Given material –
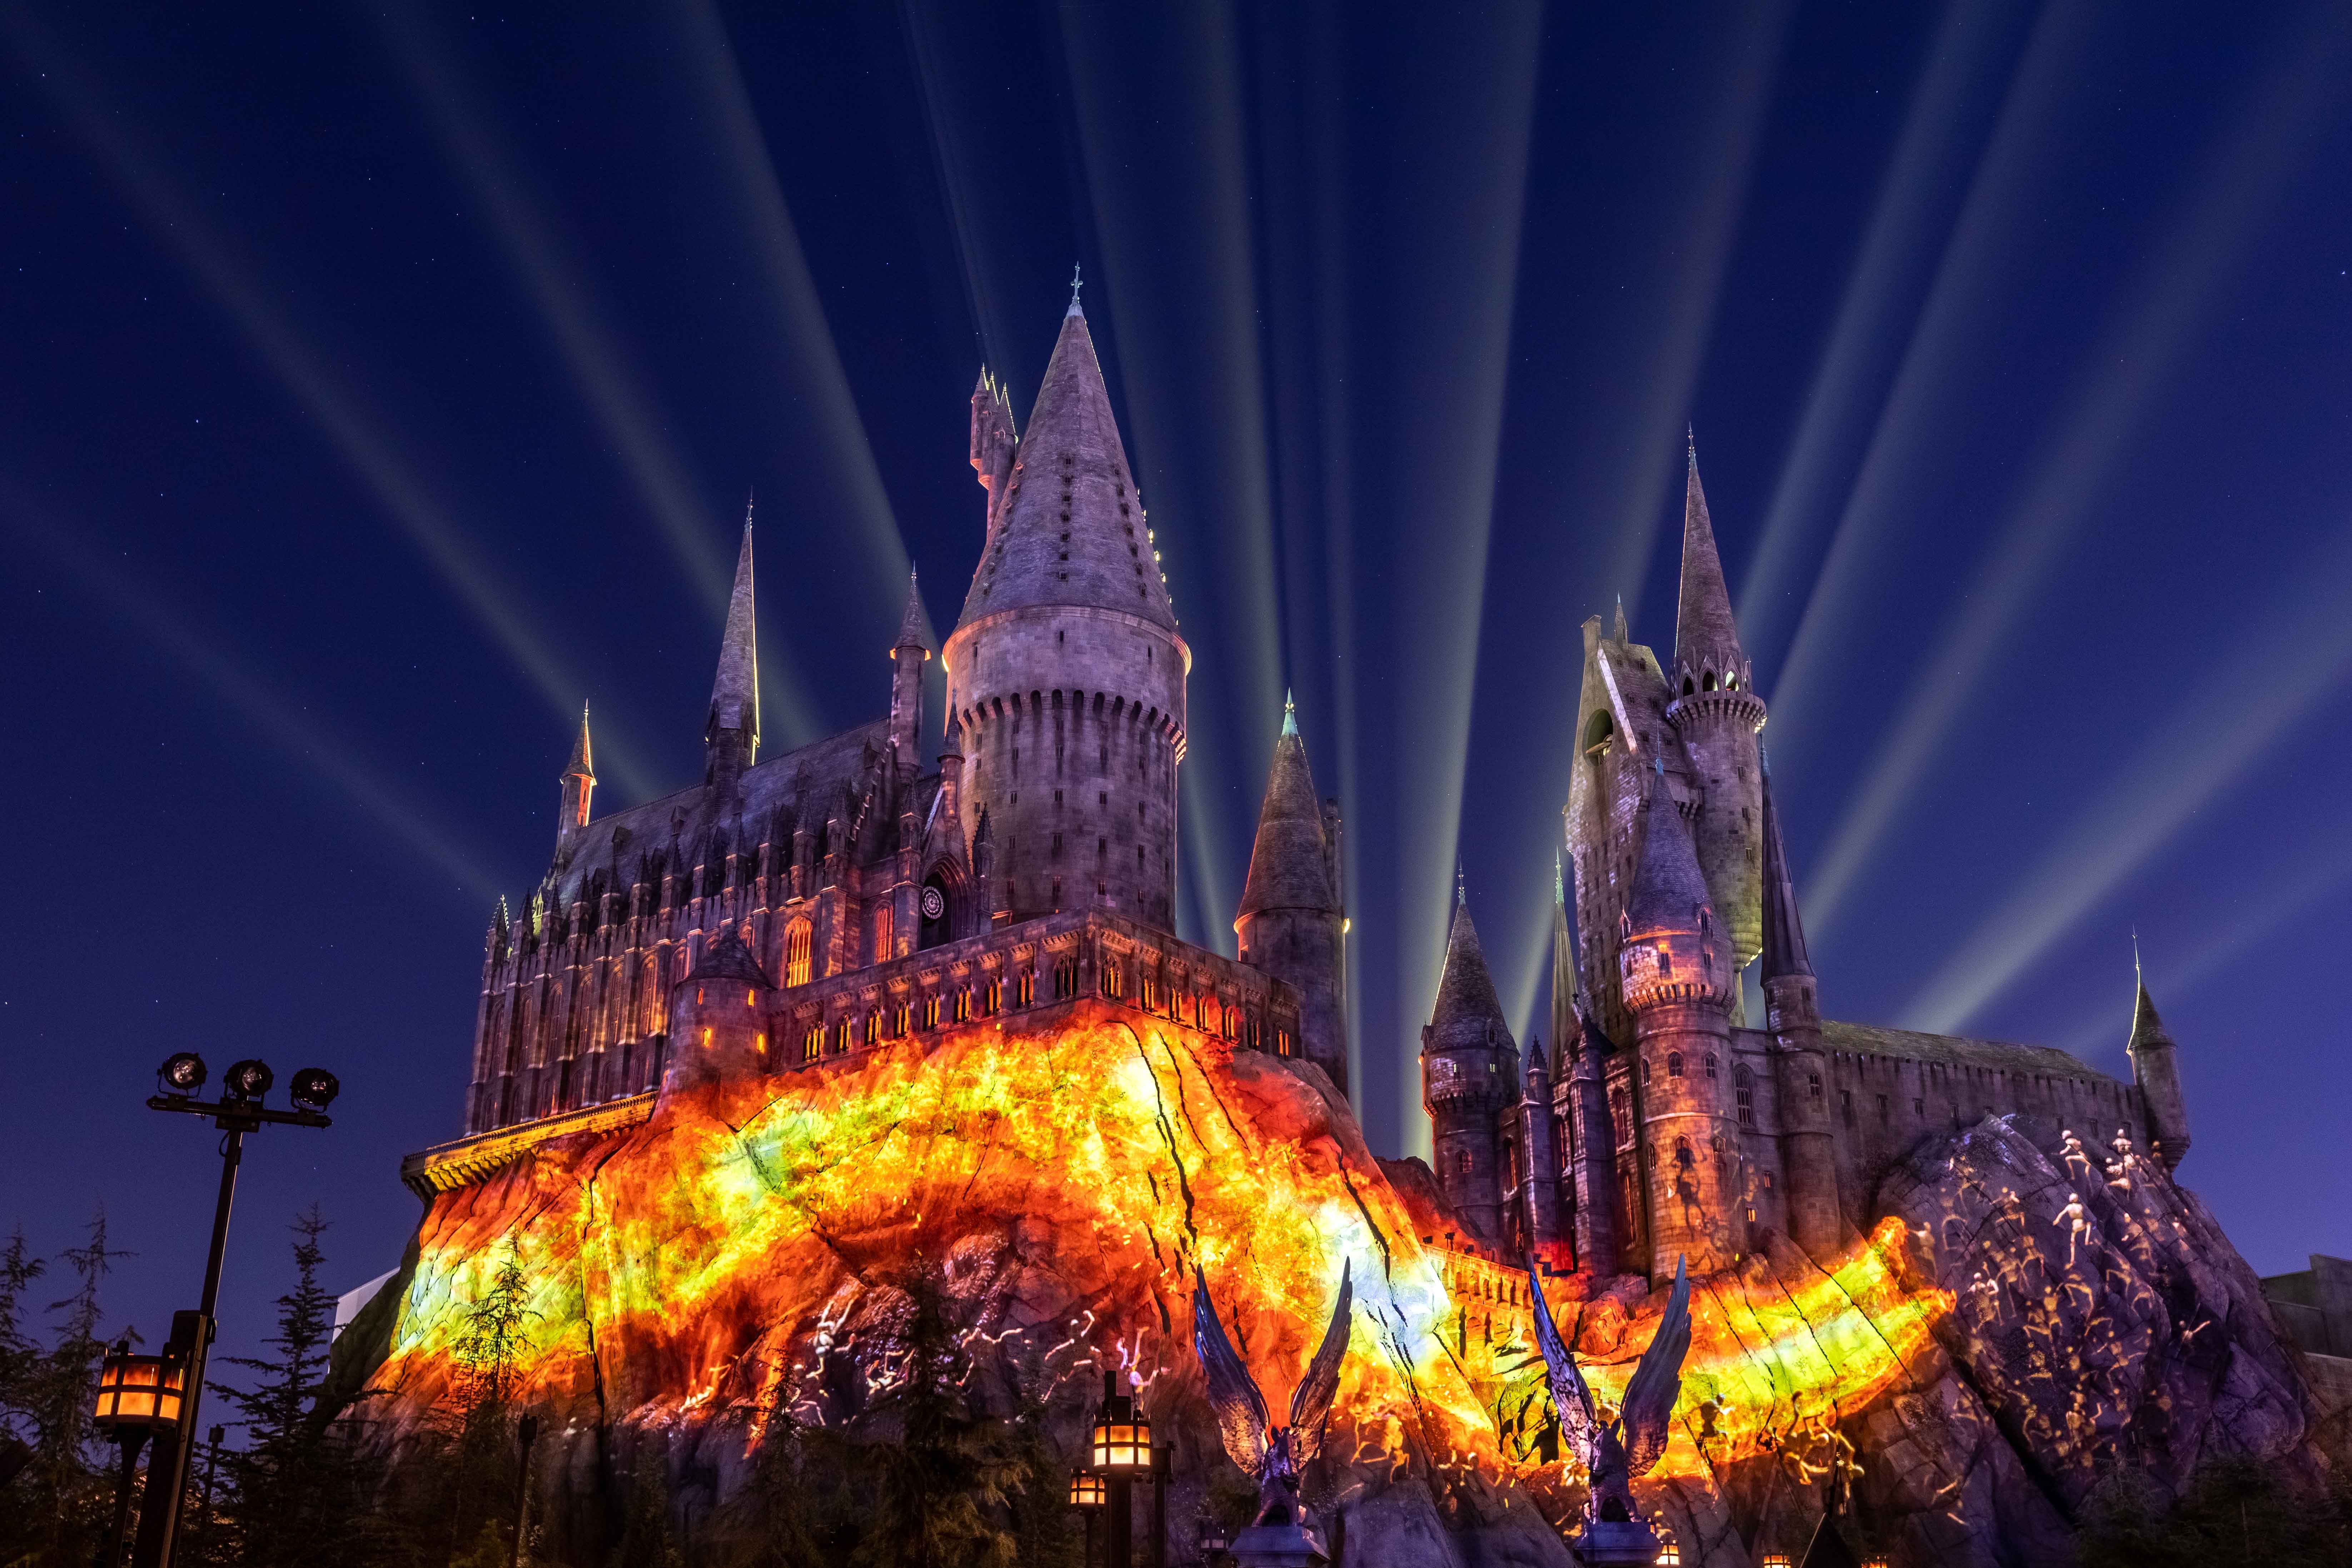 hogwarts castle pumpkin stencils
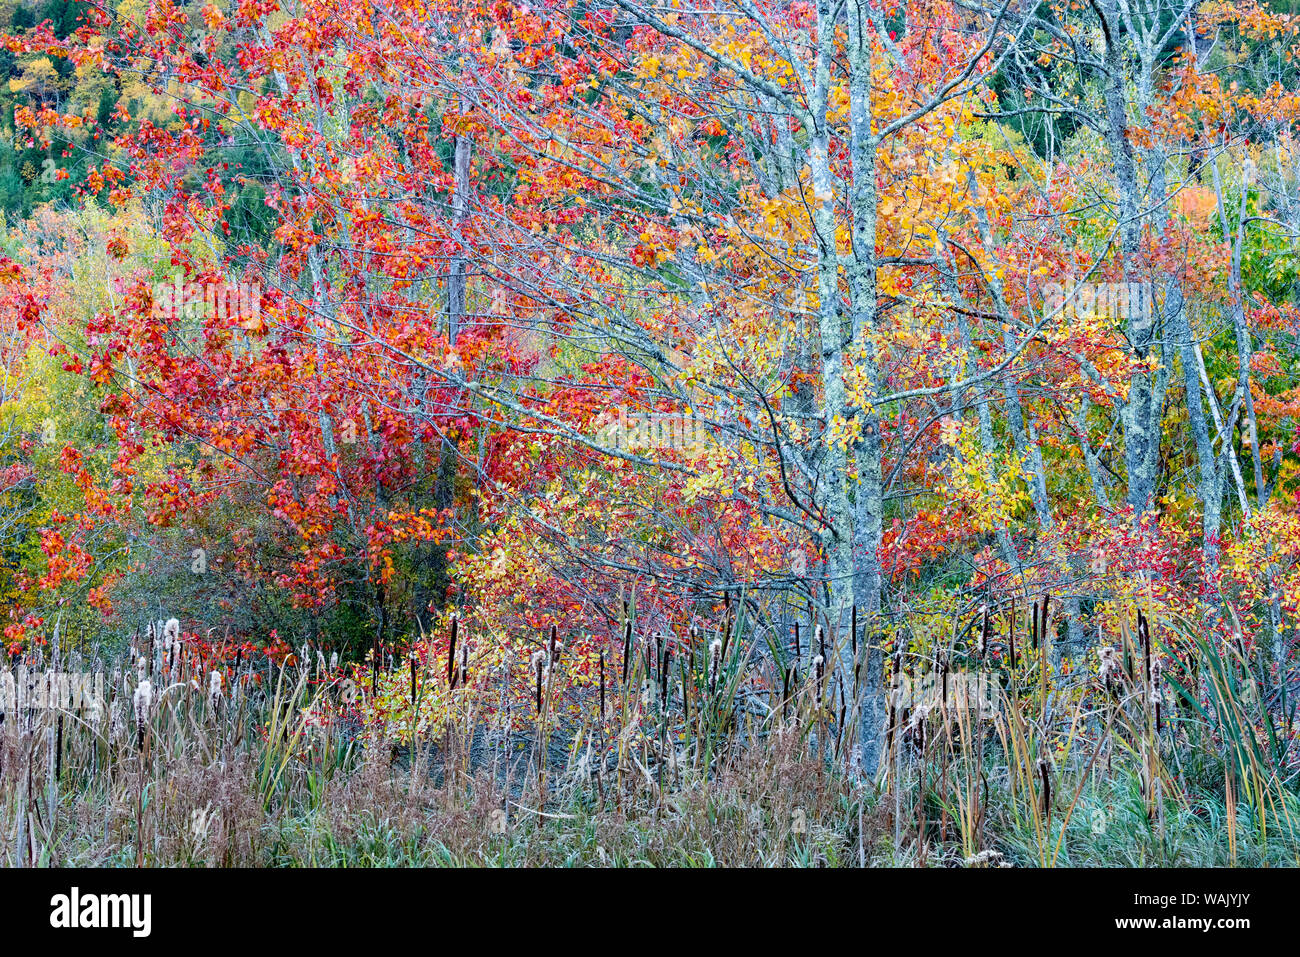 USA, Maine. Buntes Herbstlaub in den Wäldern von Sieur de Monts, Acadia National Park. Stockfoto
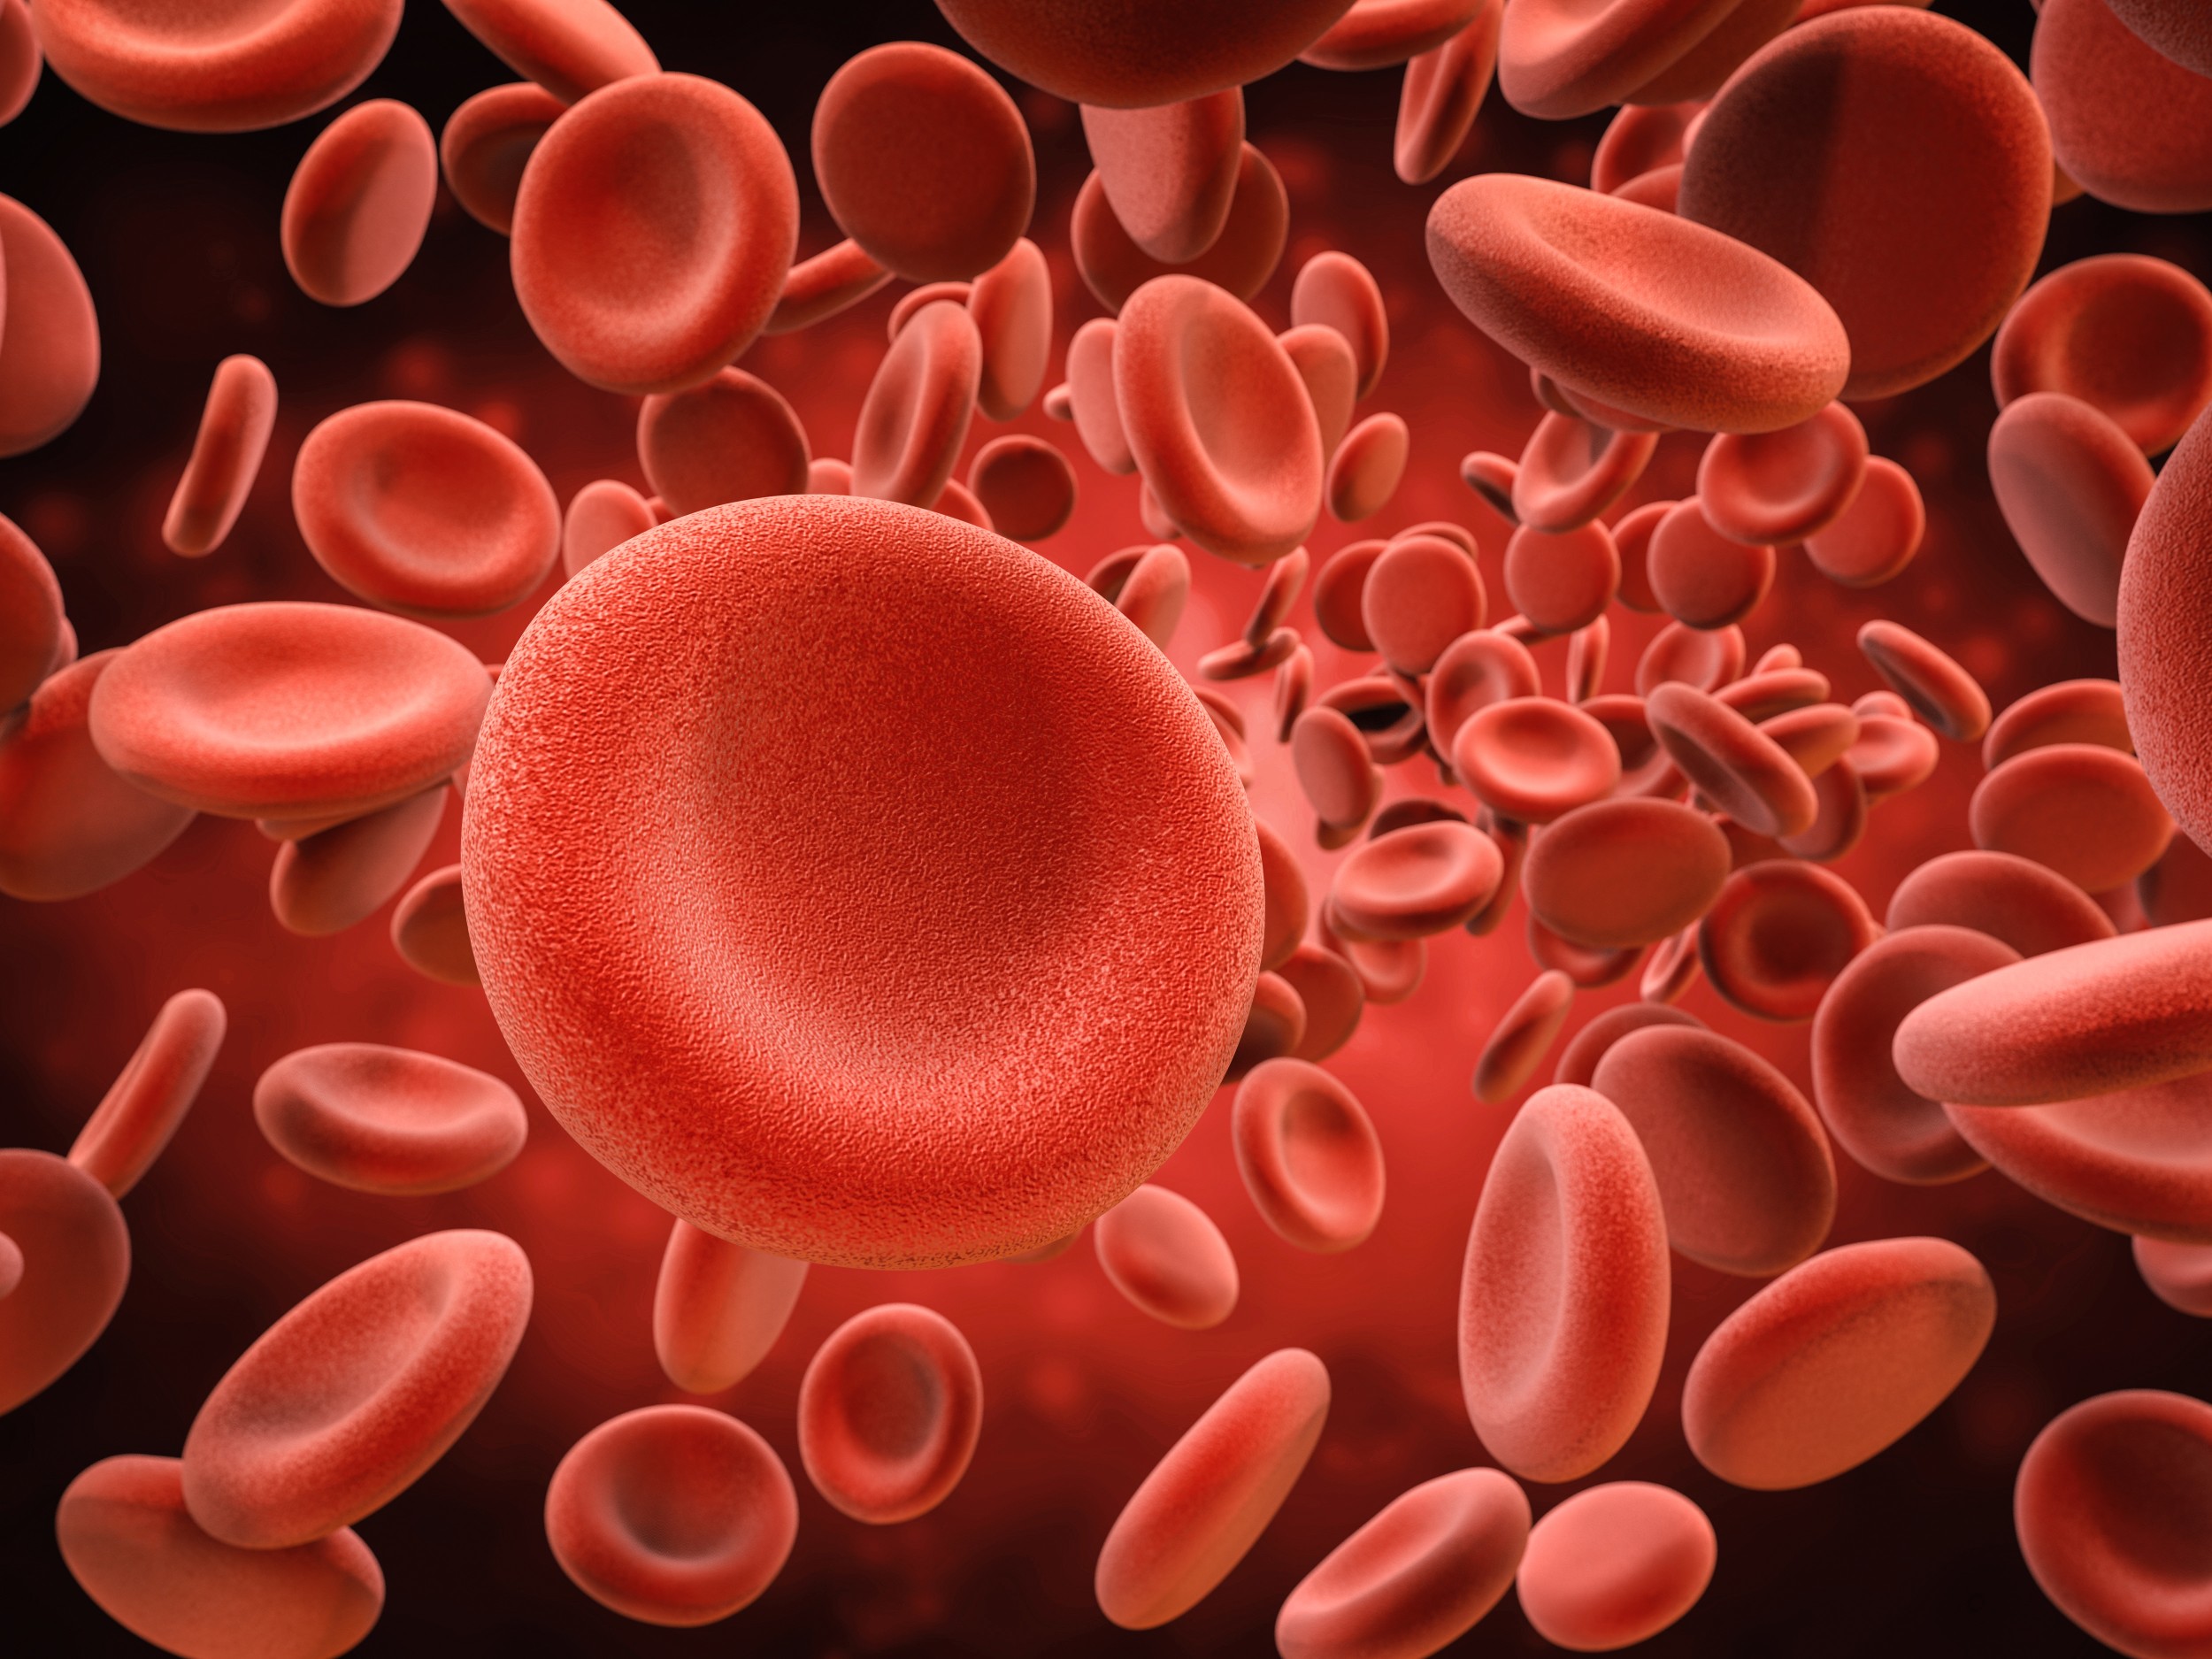 Hemácias - Eritrócitos ou Glóbulos Vermelhos - Sangue - InfoEscola

Your task – Go through the material above and repeat it exactly. Omit the pictures.

Solution for this problem –
 hogwarts castle pumpkin stencils
 USA, Maine. Buntes Herbstlaub in den Wäldern von Sieur de Monts, Acadia National Park. Stockfoto
 Hemácias - Eritrócitos ou Glóbulos Vermelhos - Sangue - InfoEscola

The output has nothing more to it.